We address first those expenses which, for various reasons, should not be included in petitioners' home office expenditures category. On appeal, petitioner disputed the amount of constructive dividends respondent determined petitioner received from Hagen Investments, Inc. and Capitol Car Care, Inc. during 1968-71. Petitioners argued that the expenditures with which they were taxed were legitimate corporate expenses. Because Hagen Investments, Inc. was not a party to the appeal, the propriety of disallowing the expense deductions is not at issue. However, the Court of Appeals stated that whether the expenditures were legitimate business expenses has some bearing on whether they were made primarily for petitioners' benefit. After reviewing all the expenditures that this Court treated as constructive dividends, the Court of Appeals stated, "We conclude that the Tax Court did not err in treating those expenditures as constructive dividends with the exception of a few items in the category of maintenance and repair discussed below." (Emphasis added.)

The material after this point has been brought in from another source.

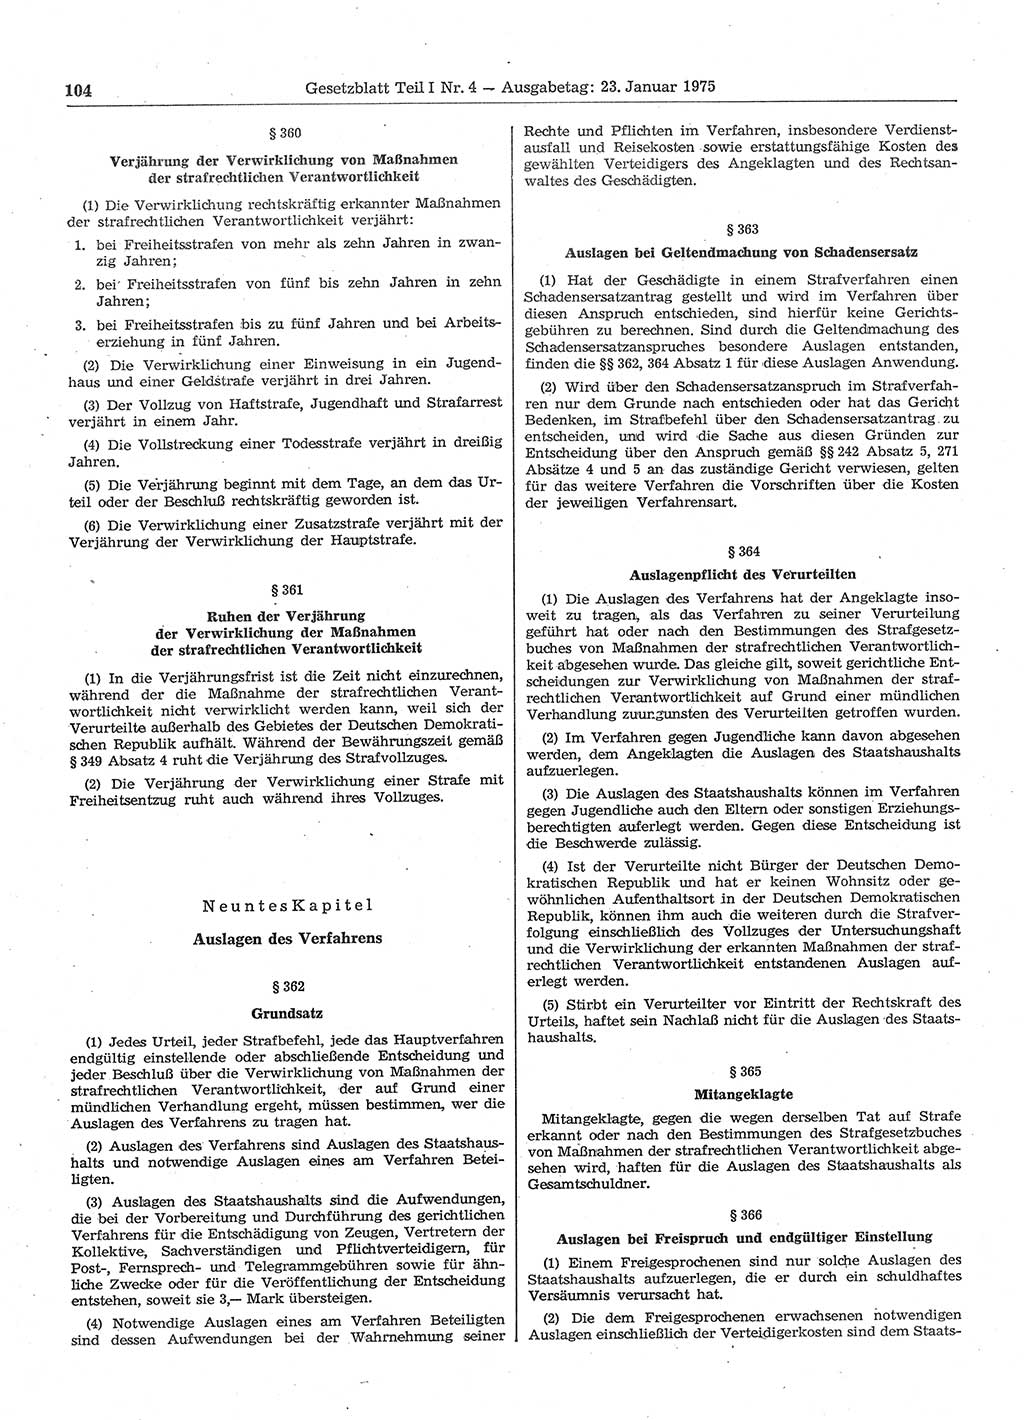 Gesetzblatt (GBl.) der Deutschen Demokratischen Republik (DDR) Teil Ⅰ 1975, Seite 104 (GBl. DDR Ⅰ 1975, S. 104)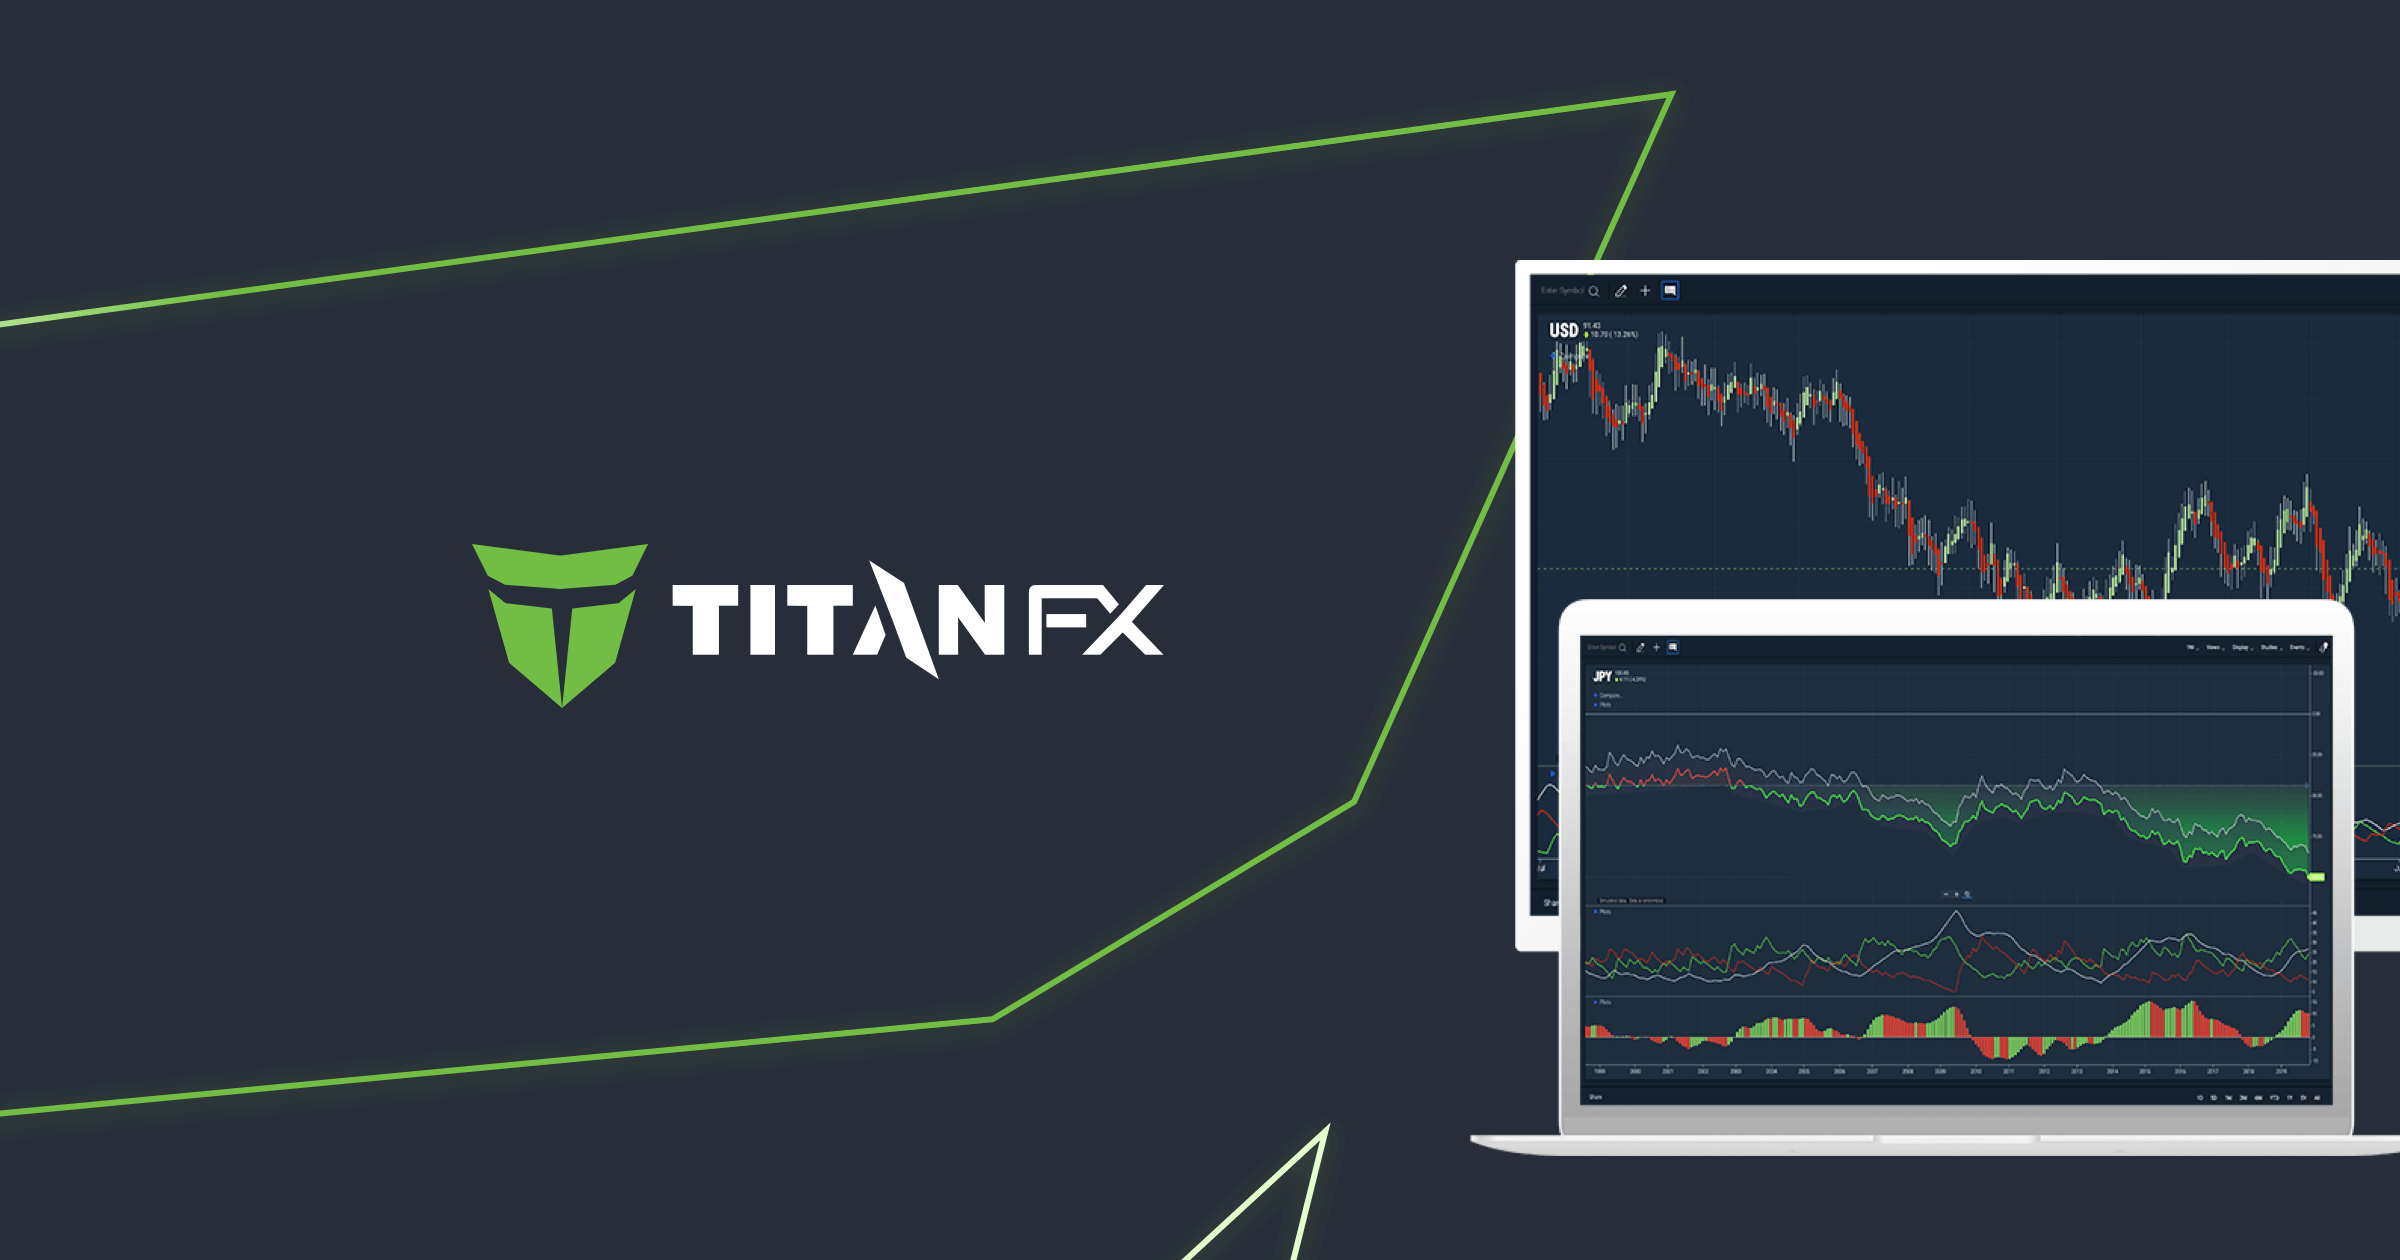 تيتان إف إكس Titan FX تحقق حجم تداول عملات مشفرة بقيمة 2 مليار دولار في يوم واحد

Both Petitioners testified that all the rooms in the basement of their residence, as well as a three-room garage apartment, were used as office space for Hagen Investments, Inc. and the other businesses in which Petitioners were involved. Rec. Vol. V at 1741-42; Rec. Vol. IV at 1257-58. This testimony was corroborated by Fern Morris, who was the bookkeeper for a number of years. Rec. Vol. V at 1754-55, 1759-60. Several of the invoices Petitioners introduced into evidence specifically indicated that they were for repairs, maintenance, or materials for the office space. These are as follows:
1. May 15, 1968 contract with J.W. Abbott (with back up invoices for materials) to "paint outside trim 2 coats in an under breezeway and garage, calk and glaze where necessary also sand and remove loose paint where necessary," which also provided that the job was to be done at the rate of $4.00 per hour per man plus material plus 10% at contractor's cost, not to exceed $1050.00. Rec. Vol. XVII, Ex. 160.
2. May 24, 1968 invoice from Enlow Plumbing for $142.25 to check for water leak in basement, repair closet tank, install new shower valve, and connect dryer. Id. at Ex. 164.
3. June 17, 1968 invoice from Wolfenbarger Electric Co. for $15.30 for a service call on lighting fixture, which listed the job address as "office." Id. at Ex. 162.
4. June 25, 1968 invoice from The Hessemer Co. for service on two air conditioners, separately designated as the office unit and the house unit. Parts totalling $3.00 were installed on each of the two units and total labor on the units was $15.50. The total bill was $22.68 with tax. Id.
5. November 12, 1968 invoice from Enlow Plumbing for $43.67 to assemble and connect fireplace heater and rerun piping in downstairs fireplace, as well as clear tub drain and adjust central heating burners. Id. at Ex. 164. Martha Jo Hagen testified that the only fireplace in the house was in the office. Rec. Vol. V at 1749.
6. November 20, 1968 invoice from Lillian Strickler for $49.85 for a spark arrester (fireplace screen). Rec. Vol. XVII, Ex. 167.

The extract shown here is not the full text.